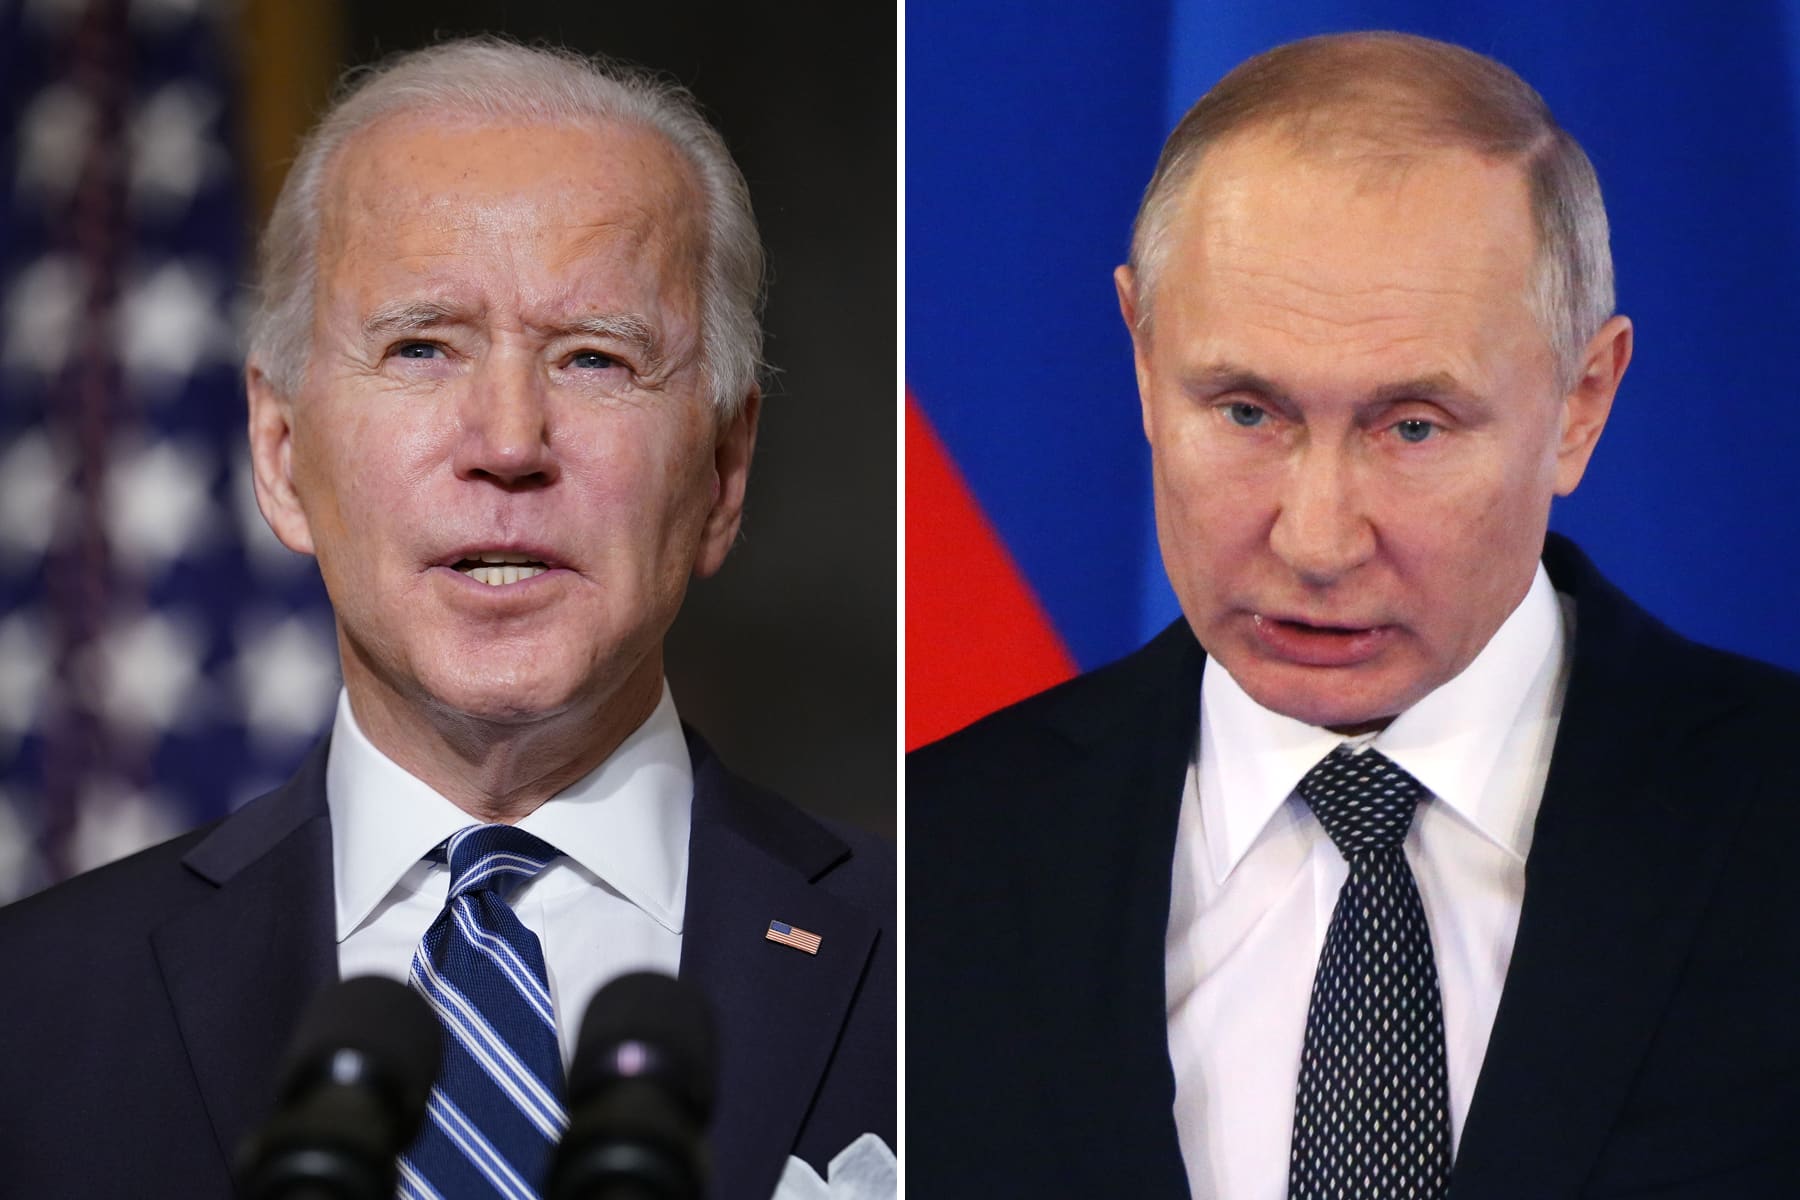 Biden se reunirá con el líder ruso Putin el 16 de junio en Ginebra, dice la Casa Blanca
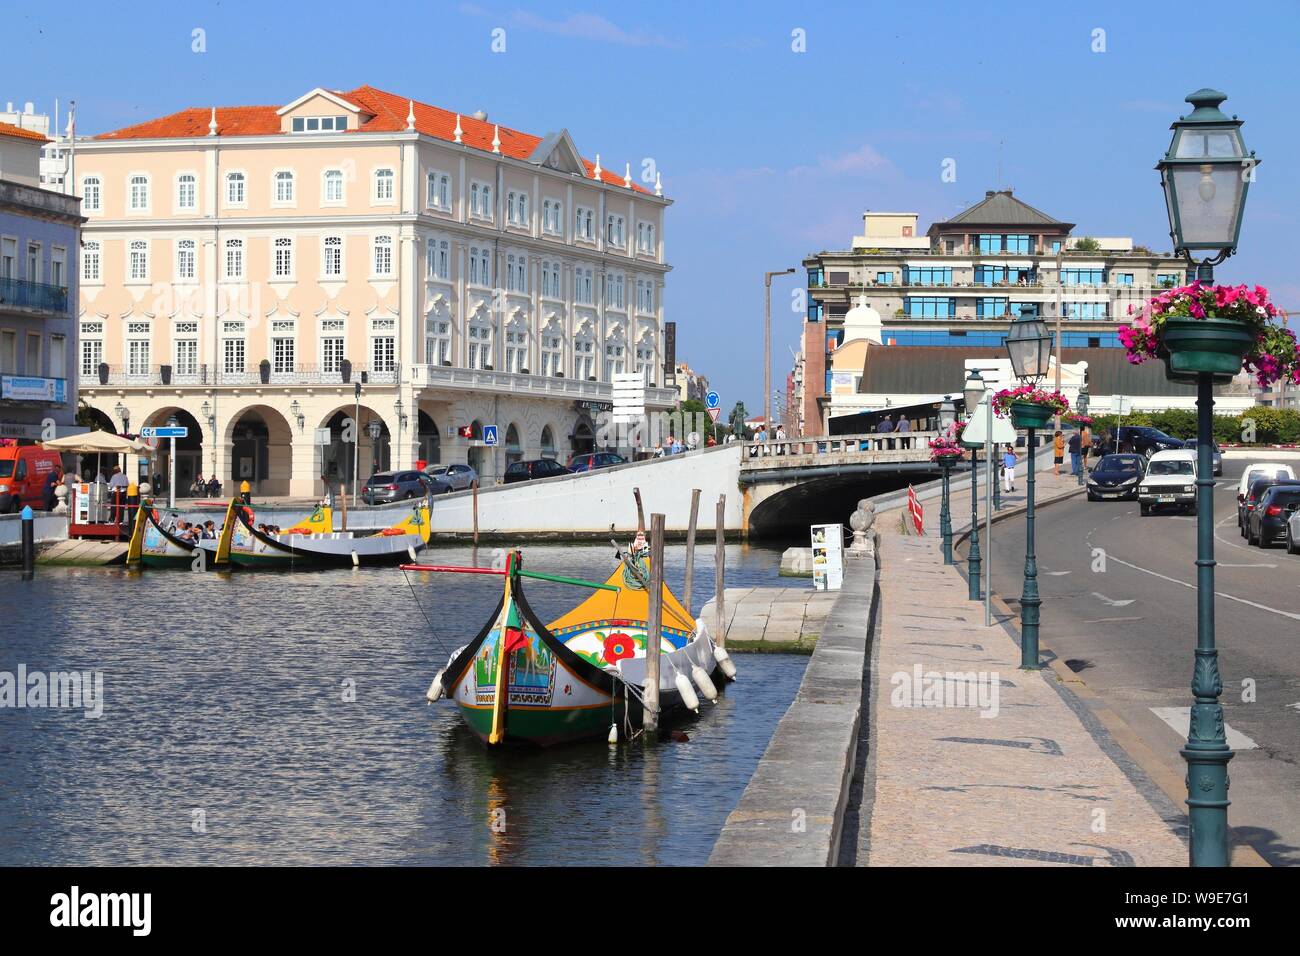 AVEIRO, PORTUGAL - Mai 23, 2018 : canal Aveiro gondola-style bateaux au Portugal. Aveiro est connu comme la Venise du Portugal en raison de ses canaux. Banque D'Images
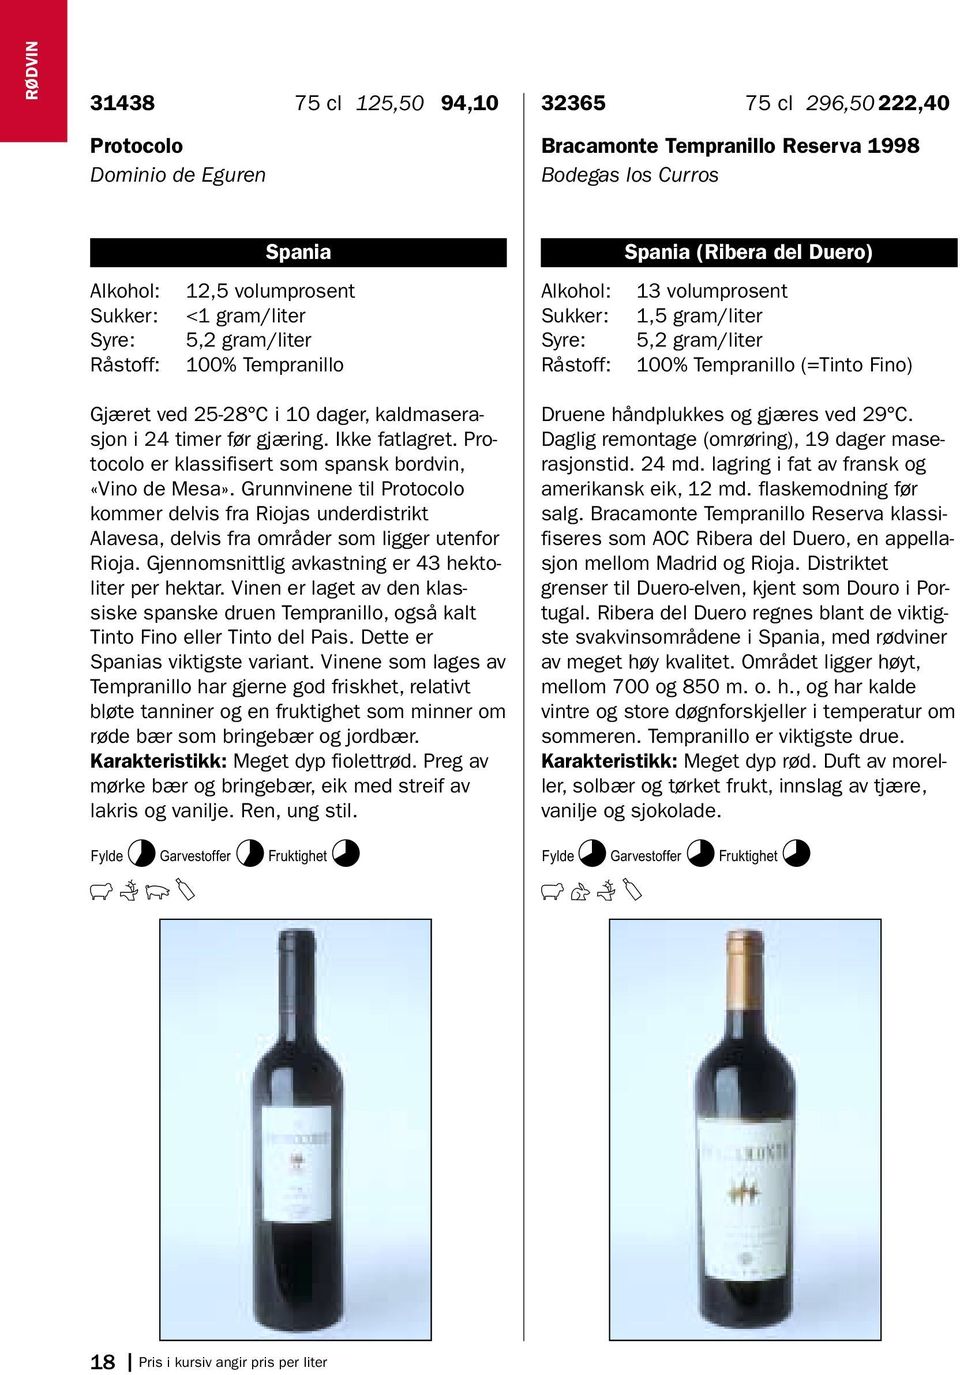 Ikke fatlagret. Protocolo er klassifisert som spansk bordvin, «Vino de Mesa». Grunnvinene til Protocolo kommer delvis fra Riojas underdistrikt Alavesa, delvis fra områder som ligger utenfor Rioja.

■ **Task requirements**: Print the entire listing precisely as written, omitting the images it holds.

■ **Result for this exercise**:
 Biden se reunirá con el líder ruso Putin el 16 de junio en Ginebra, dice la Casa Blanca
 AVEIRO, PORTUGAL - Mai 23, 2018 : canal Aveiro gondola-style bateaux au Portugal. Aveiro est connu comme la Venise du Portugal en raison de ses canaux. Banque D'Images
 Ikke fatlagret. Protocolo er klassifisert som spansk bordvin, «Vino de Mesa». Grunnvinene til Protocolo kommer delvis fra Riojas underdistrikt Alavesa, delvis fra områder som ligger utenfor Rioja.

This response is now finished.